But the country’s lawmakers might force the funds’ hand. Norway’s parliament on June 5 will decide whether to pass a mandate for the fund to divest from all coal holdings.

A recent report from the Institute for Energy Economics and Financial Analysis (IEEFA) argues for the merits of the idea.

From RTCC:

[Norway’s] parliament will decide on 5 June whether to give the fund a mandate to shed its coal holdings.

The move would improve the fund’s financial performance as well as addressing environmental concerns, according to the Institute for Energy Economics and Financial Analysis (IEEFA).

“Norway’s leadership is to be applauded for its efforts to rid itself of a losing financial proposition and the threat coal poses to the environment and climate,” author Tom Sanzillo told RTCC.

“They are willing to expand the dialogue and are serving as a model of openness and transparency.”

The [pension] fund sold its stakes in 49 companies last year, mainly in coal and gold mining, on sustainability grounds.

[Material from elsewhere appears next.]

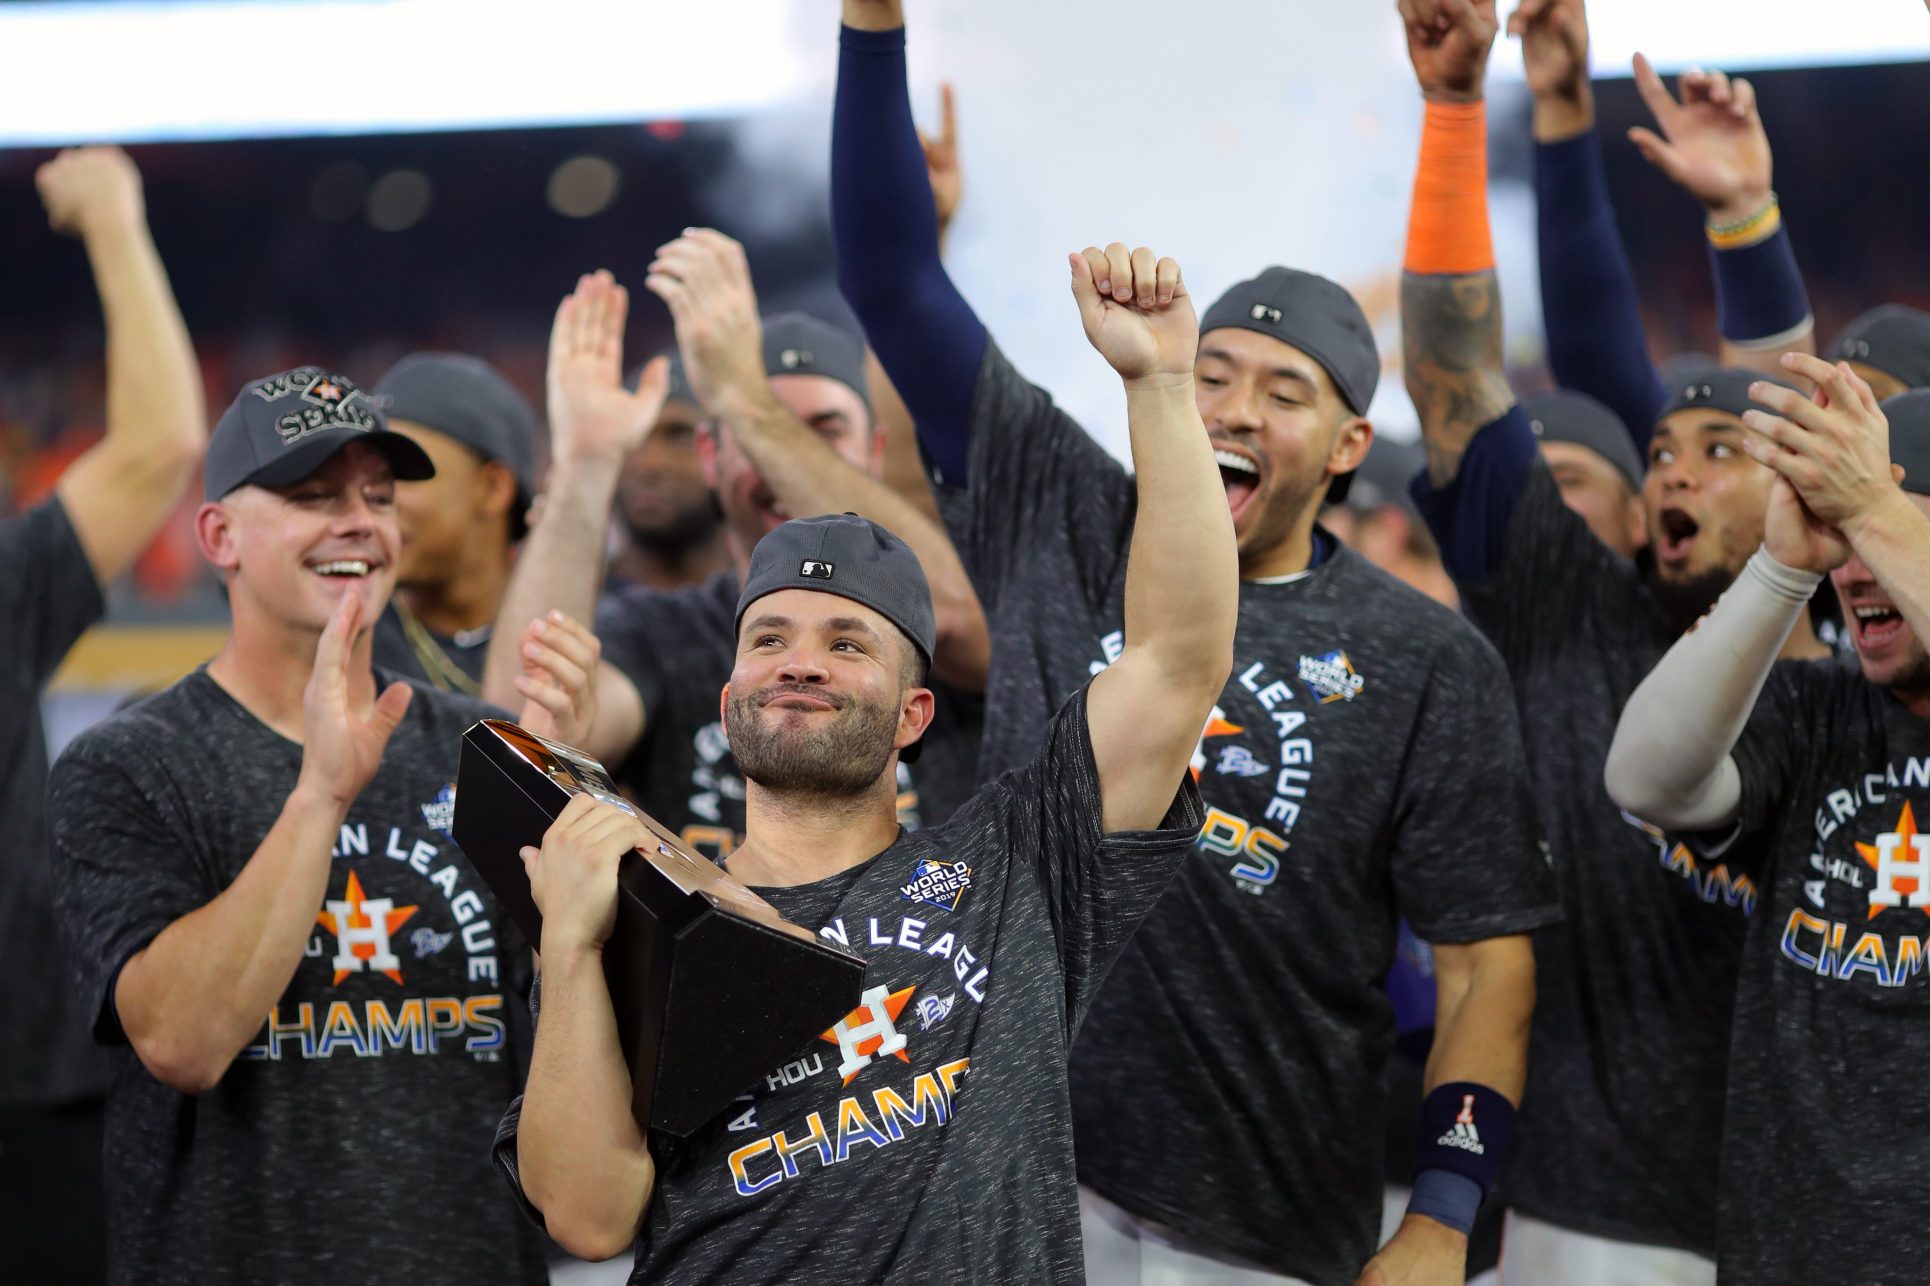 Tras eliminar a Yanquis, Astros sueñan con ganar la Serie Mundial

Coal is the worst performing sector in the world’s economy, the IEEFA report argued, and best avoided altogether.

In mining, he noted the Stowe Global Coal Index lost 71% of its value over the past five years.

IEEFA recommended dropping any company that mines more than 50 million tonnes of coal a year or gets 20% of power generation from the polluting fuel.

Norway’s pension fund manages $900 billion in assets.